Quelques marches et premier saut dans un des trains
locaux qui sillonnent la
ville. Surprise :
Plusieurs wagons sont réservés aux femmes ‘ladies only’. Si ce n’est
pas de la galanterie ! Toujours ce paradoxe avec les femmes tantôt
dénigrées
voir violentées tantôt protégées et privilégiées… Ainsi des queues sont réservées
aux femmes dans la plupart des gares. Quand on connaît la longueur
moyenne des files d'attente au guichet on ne peut que le souligner et dire
merci ! Je saute dans le wagon femme avec le sac de Nabil qui entre déjà
péniblement sans son sac dans le wagon homme. Les femmes sont assises
sur le sol face aux portes ouvertes pour profiter de l air frais . Les
conversations vont bon train ! A
chaque arrêt les voyageuse descendent ou montent dans le wagon d un pas léger
. L'une vêtue a l’occidentale l'autre en sari. Celle
la transporte un lourd panier sur sa tête, peut être du poisson,
l’autre un petit sac à main en bandoulière m’a tout l’air dune étudiante.

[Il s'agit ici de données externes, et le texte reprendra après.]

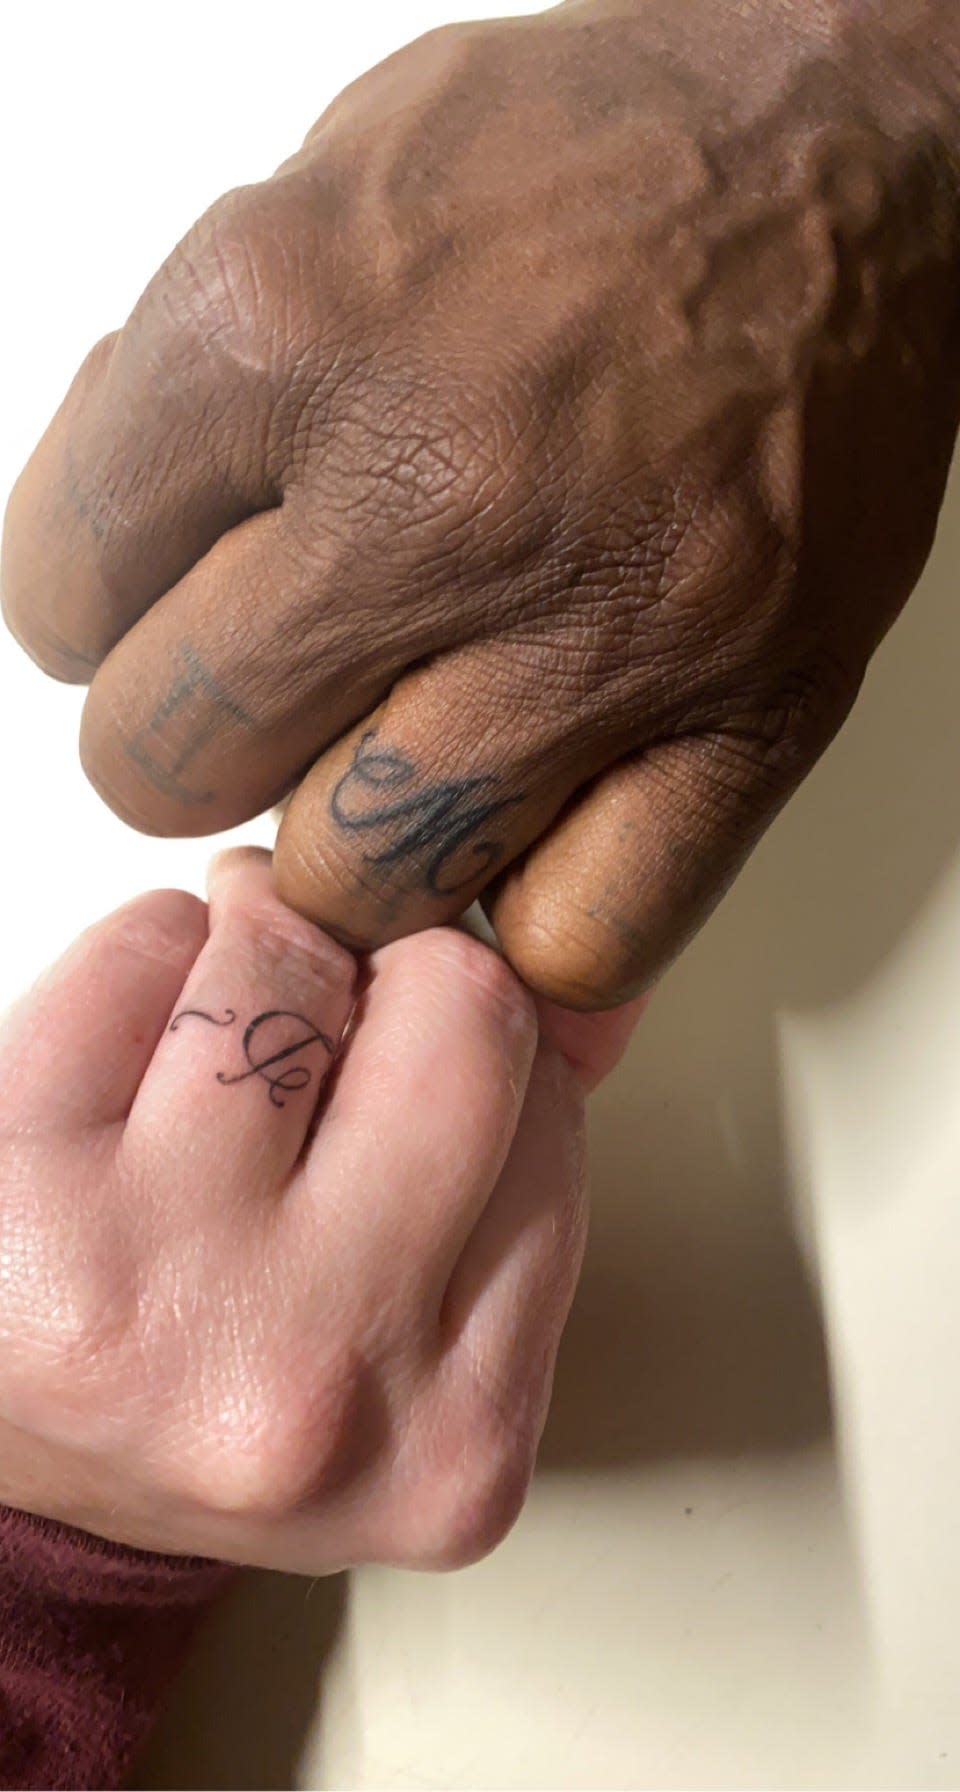 Miranda Koons and her fiance, Devon May, chose to tattoo their initials on their ring fingers, forgoing wedding bands.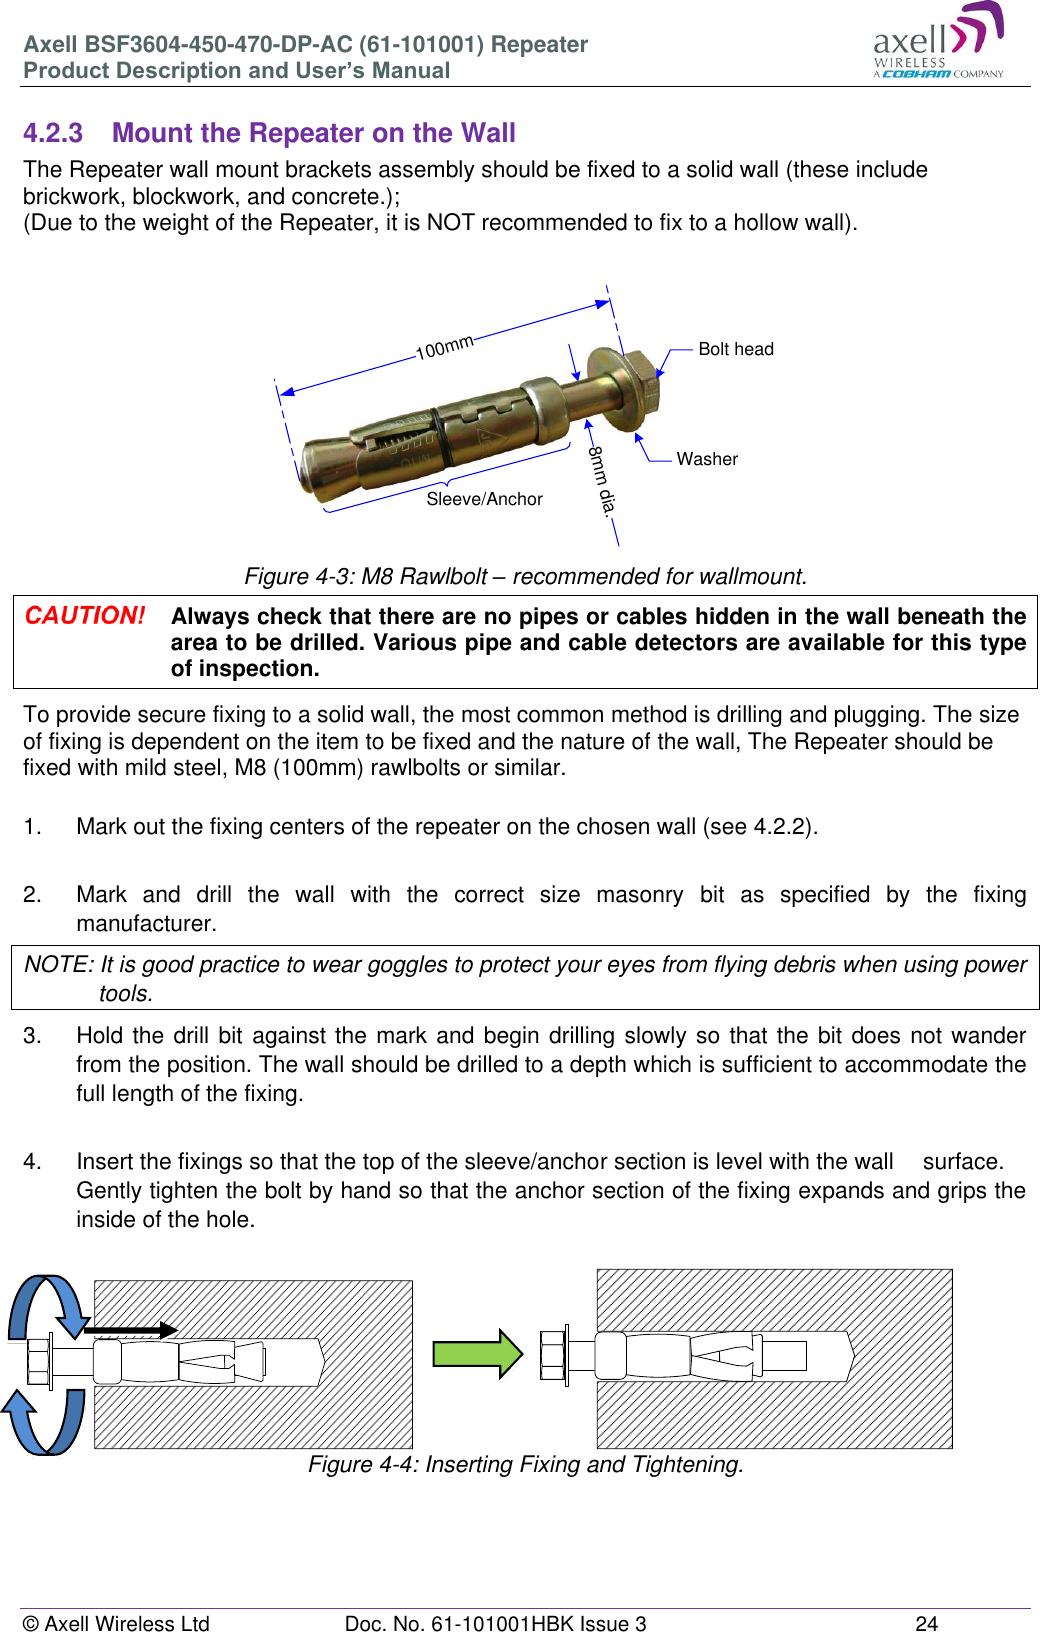 Axell BSF3604-450-470-DP-AC (61-101001) Repeater Product Description and User’s Manual © Axell Wireless Ltd  Doc. No. 61-101001HBK Issue 3  24  100mm8mm dia.Bolt headWasherSleeve/Anchor 4.2.3  Mount the Repeater on the Wall The Repeater wall mount brackets assembly should be fixed to a solid wall (these include brickwork, blockwork, and concrete.);  (Due to the weight of the Repeater, it is NOT recommended to fix to a hollow wall).       Figure 4-3: M8 Rawlbolt – recommended for wallmount.  Always check that there are no pipes or cables hidden in the wall beneath the area to be drilled. Various pipe and cable detectors are available for this type of inspection. To provide secure fixing to a solid wall, the most common method is drilling and plugging. The size of fixing is dependent on the item to be fixed and the nature of the wall, The Repeater should be fixed with mild steel, M8 (100mm) rawlbolts or similar.  1.  Mark out the fixing centers of the repeater on the chosen wall (see 4.2.2).  2.  Mark  and  drill  the  wall  with  the  correct  size  masonry  bit  as  specified  by  the  fixing manufacturer. NOTE: It is good practice to wear goggles to protect your eyes from flying debris when using power tools. 3.  Hold the drill bit  against the mark and begin drilling slowly so that the bit does not wander from the position. The wall should be drilled to a depth which is sufficient to accommodate the full length of the fixing.  4.  Insert the fixings so that the top of the sleeve/anchor section is level with the wall   surface. Gently tighten the bolt by hand so that the anchor section of the fixing expands and grips the inside of the hole.                       Figure 4-4: Inserting Fixing and Tightening.

Les sourires sont éclatants.
On
se retrouve a la Church Gate
station. Cette gare est à elle seul un vrai monument, immenses vitraux, arche
gigantesque. On pourrait faire
payer la visite ! A
la sortie on nous indique un bus qui nous rapproche du quartier des
hôtels. Le
bus s'arrête a peine (petit ralenti devant la station) et il faut quasiment
monter en marche. Avec le sac a dos c’est du sport mais pas
de casse. Tranquille à bord on attend un peu trop longtemps avant de se décider
à descendre. Résultat : petite marche d’un km en sens
inverse ! En première visite de la ville…
Libérés
de nos bagages, on s’en va faire un tour vers des Dobhi ghats ou près de
5000 lessiveurs lavent le linge de tout Bombay ! Vu du haut l’étendue
de bacs est impressionnante. Se succèdent eau noirâtre ou limpide, linge
s'amoncelant en tas ou séchant au soleil. Les dobhi Wallah battent le linge
en cadence : un pressing en plein air à la mode indienne!
Sur
le chemin du retour face à face avec un bidon ville a peine dissimulé
derrière un petit muret. Le contraste avec Les gratte ciel vitrés a
quelque chose de saisissant . On continue notre exploration de la
ville avec les fameux bus qui ne s'arrêtent jamais : sans les sac la manœuvre
est plus aisée. On par voir la fameuse mosquée Hadj Ali qu’on ne peut
rejoindre que par une digue à marée basse : elle est à demi plongée
dans la baie. L’activité est intense, les pèlerins se pressent sur la
digue qui se recouvre d’eau par vagues successives. Les enfants trempés
hurlent, ravis. Les mendiants sont nombreux, la lèpre a fait des ravages
ici aussi.
Juste
avant de franchir les portes de la mosquée une bonne odeur de méchoui assaille les passants. Plusieurs échoppes se sont installés devant la
porte. L’atmosphère est à la fête ; la prière vient de s ‘achever :
un endroit serein et animé à la fois. Dîner dans le quartier musulman :
les byrianis sont succulents. La ballade révèle une vieille ville
grouillante et animée. Ce
matin, petit tour au Taj Mahal Hotel, peut-être l’un des hôtels les plus beaux de
toute l’Inde. L’extérieur majestueux ne rend pas du tout compte de la
richesse des décorations à l’intérieur du bâtiment. Bois précieux
sculptés avec raffinement. Marbres, miroirs à profusion. La piscine abritée
sous le patio est propice à la détente. Un petit tour à la Gate of
India et promenade sur le quai. Quelques badauds indolents et des
marchands ambulants ; à cette heure peu de sollicitations, juste le
ressac des vagues…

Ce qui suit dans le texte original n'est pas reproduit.